It is so sad...I hope all animals we'll be given a chance. They are so innocent and mean nothing wrong and yet are done wrong to. I hope Shadow will find her forever parents soon - he is so beautiful.


----------



## spacemonkey (Aug 12, 2004)

Poor baby. He's not that far away from us  I wish we had room for more cats. Maybe I can still try to get the word out, though....


----------



## rosalie (Oct 9, 2003)

Isn'it(sp) sad..we know some people in Springfield (business relations) I'll see if if somebody is interested


----------



## Ioana (Jul 12, 2003)

I hope somebody will be able to have him - I am sure he will be the greatest reward.
..thinking of you, Shadow so your eyes won't be sad any more

Rosalie : the correct form is : isn't it <=> is it not ; is and not are parts of the verb TO BE in the INTERROGATIVE NEGATIVE FORM of the PRESENT TENSE. 
isn't is the abbreviated form of is + not and the pronoun it will follow up due to the fact that in the INTERROGATIVE FORM the Subject and the Predicate switch places.
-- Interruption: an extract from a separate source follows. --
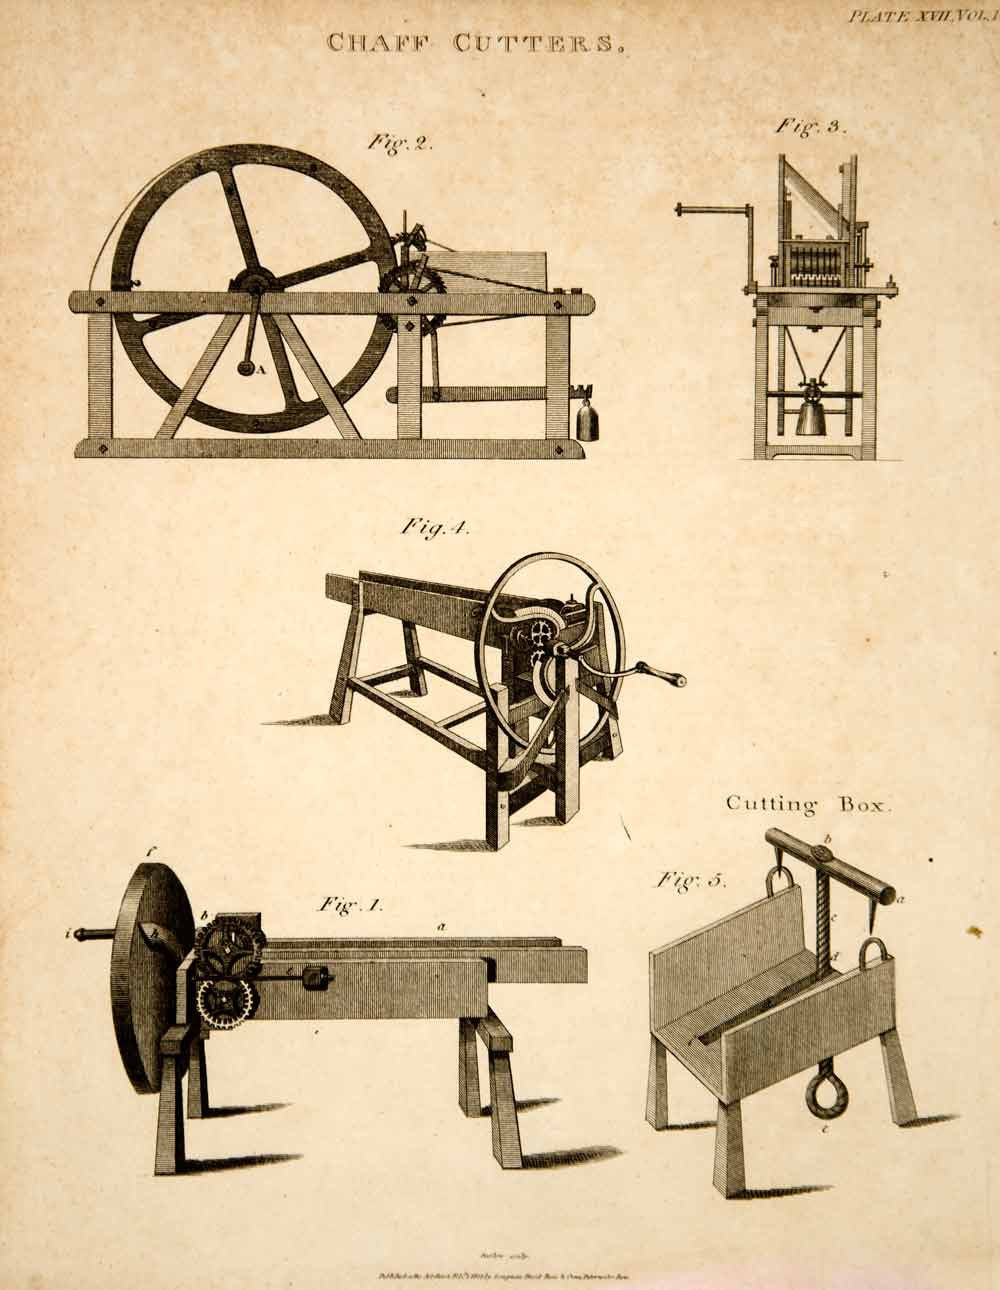 1807 Copper Engraving Manual Chaff Cutter Farm Machinery Tool Agriculture TCF1 - Period Paper
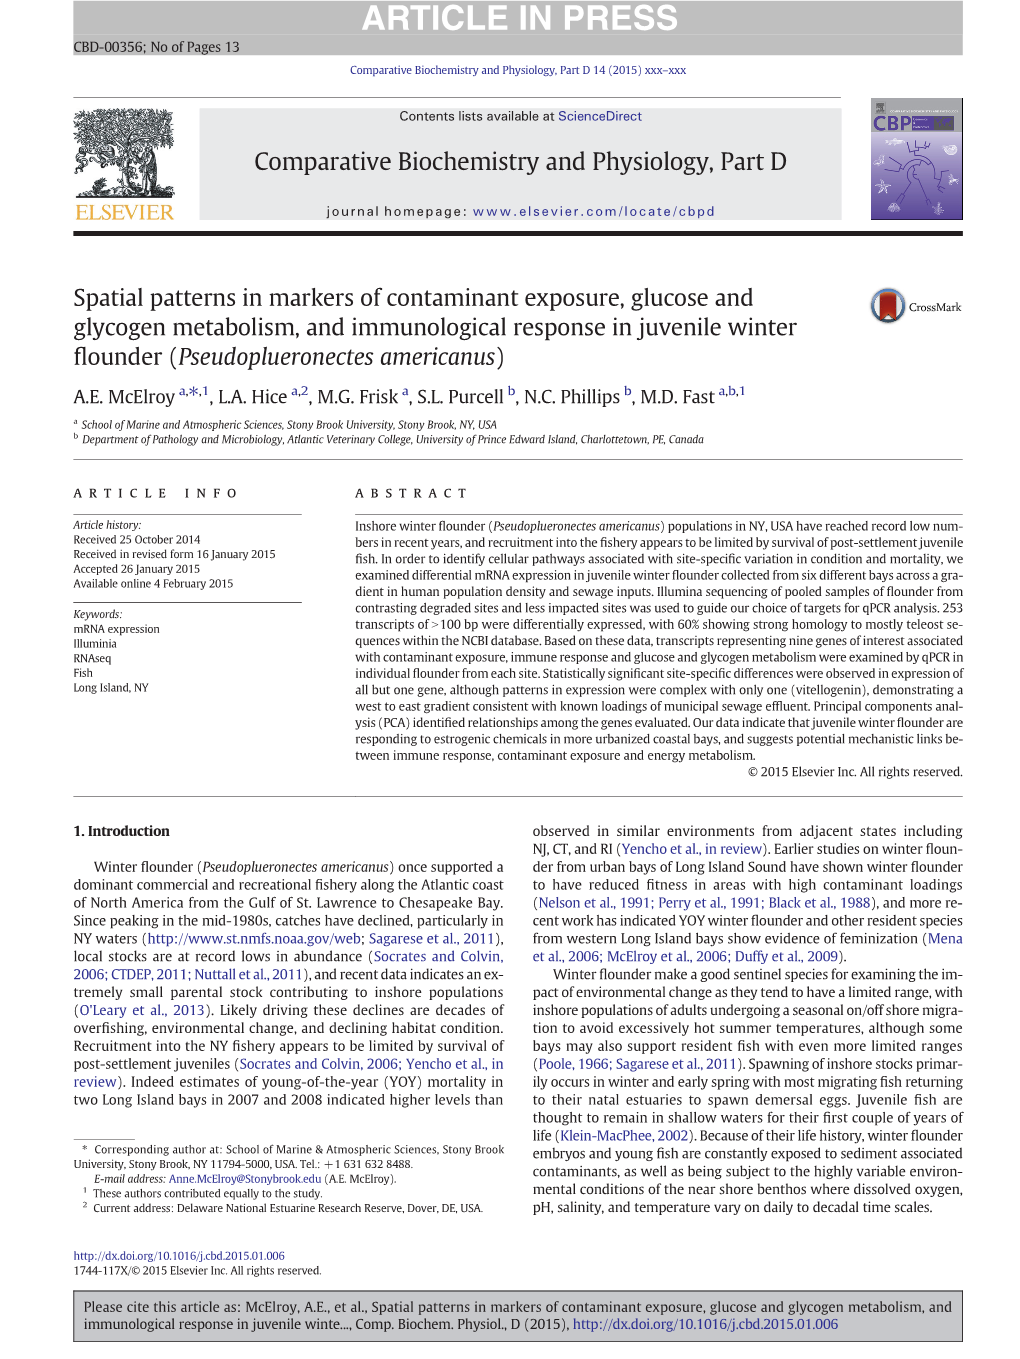 Spatial Patterns in Markers of Contaminant Exposure, Glucose And

If we don't abbreviate then the Subject (pronoun IT here) will be inserted between the verb (is) and the negation that is an intricate part of it(not) = is it not

I hope I made it clearer for you.
when I try to teach something like this to Andrew he will lose pateince so quickly! As I do when he is working on restoring his *granpa* car(1972 Monte Carlo) :wink: 
I love grammar!
Feel free to show me when I don't get something right as well - I am all about learning


----------